CINDY'S MEXICAN LASAGNA 
2 (10 count ea.) pkgs. large diameter flour tortillas
1 lb. browned and drained ground beef OR cooked and cubed chicken breasts (may also use 1/2 of each)
jalapeno peppers, to taste
2 (10 oz. ea.) cans tomato soup
1 cup salsa or taco sauce (your favorite)
1 medium onion, chopped (optional)
1 (15 oz.) can black beans, drained (optional)

TOPPING:

crushed corn tortilla chips
1 (8 oz.) pkg. shredded sharp cheddar cheese

Preheat oven to 375°F.

Over medium heat, in a large skillet or dutch oven combine the meat, soup, sauce, peppers, onion, and beans. Stir in 1/4 cup of sharp cheddar cheese.

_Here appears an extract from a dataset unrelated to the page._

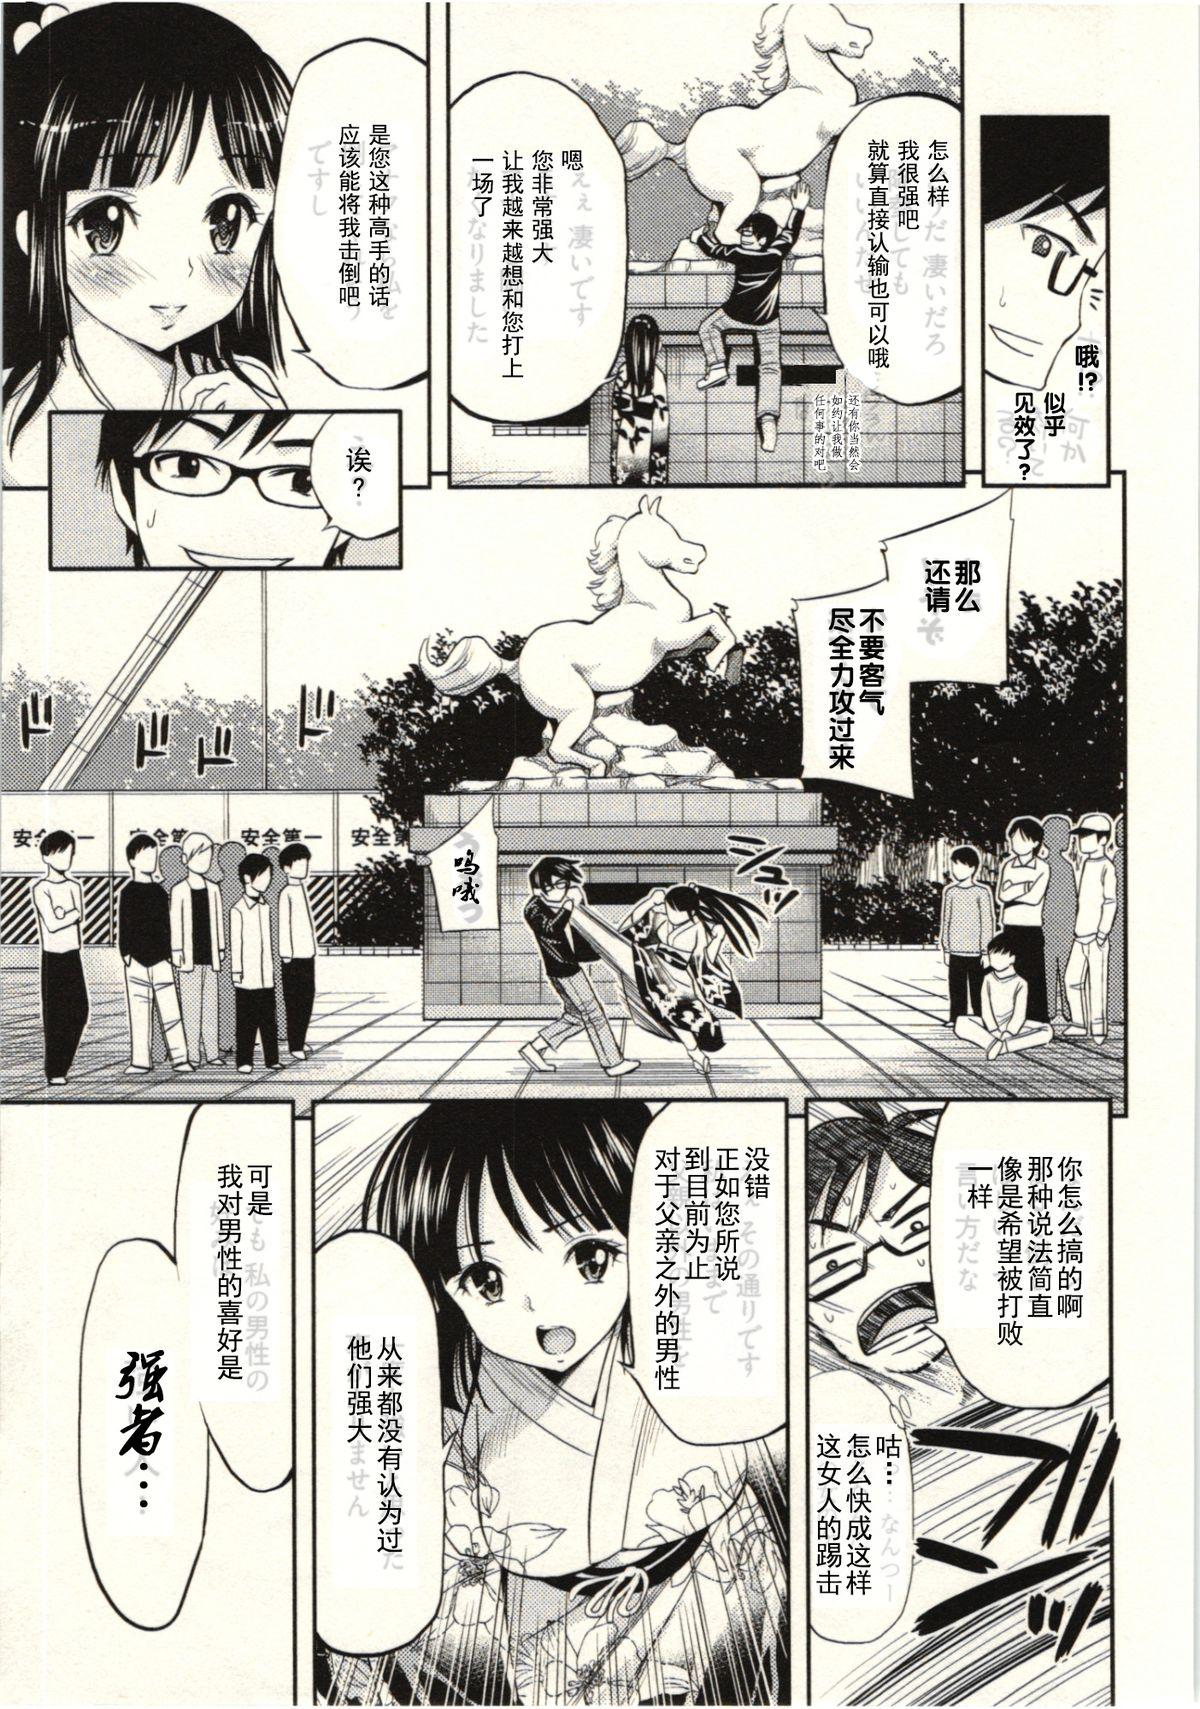 Tadashii Majutsu no Asobikata - The right way of playing of magic. 111

Once heated and cheese melted, lower heat and allow to simmer for 5 minutes.

Stack flour tortillas, aligning all edges as best as possible. With sharp knife, slice through the stack to cut 3/4 to 1-inch "noodles". Keep the same size noodles stacked together.

Spray bottom of oblong baking pan with non-stick cooking spray (Pam). Spread a small amount of meat/sauce mixture on the bottom of pan.

LAYER THE LASAGNA AS FOLLOWS:

Two layers of flour tortilla strips going side by side vertically. Cover with meat/sauce mixture. Sprinkle generously with sharp cheddar cheese. Two layers of flour tortilla strips going side by side horizontally, and continue as you did previously. Alternate the direction of the noodles each round of ingredients.

Top the lasagna with crushed corn tortilla chips and the remainder of the shredded cheddar cheese.

Bake at 375°F for 25 minutes or until bubbling on the sides and cheese on top is melted. Remove from oven and let stand for 15 minutes. Cut in squares. Leftovers freeze well.

Submitted by: Cindy F. A.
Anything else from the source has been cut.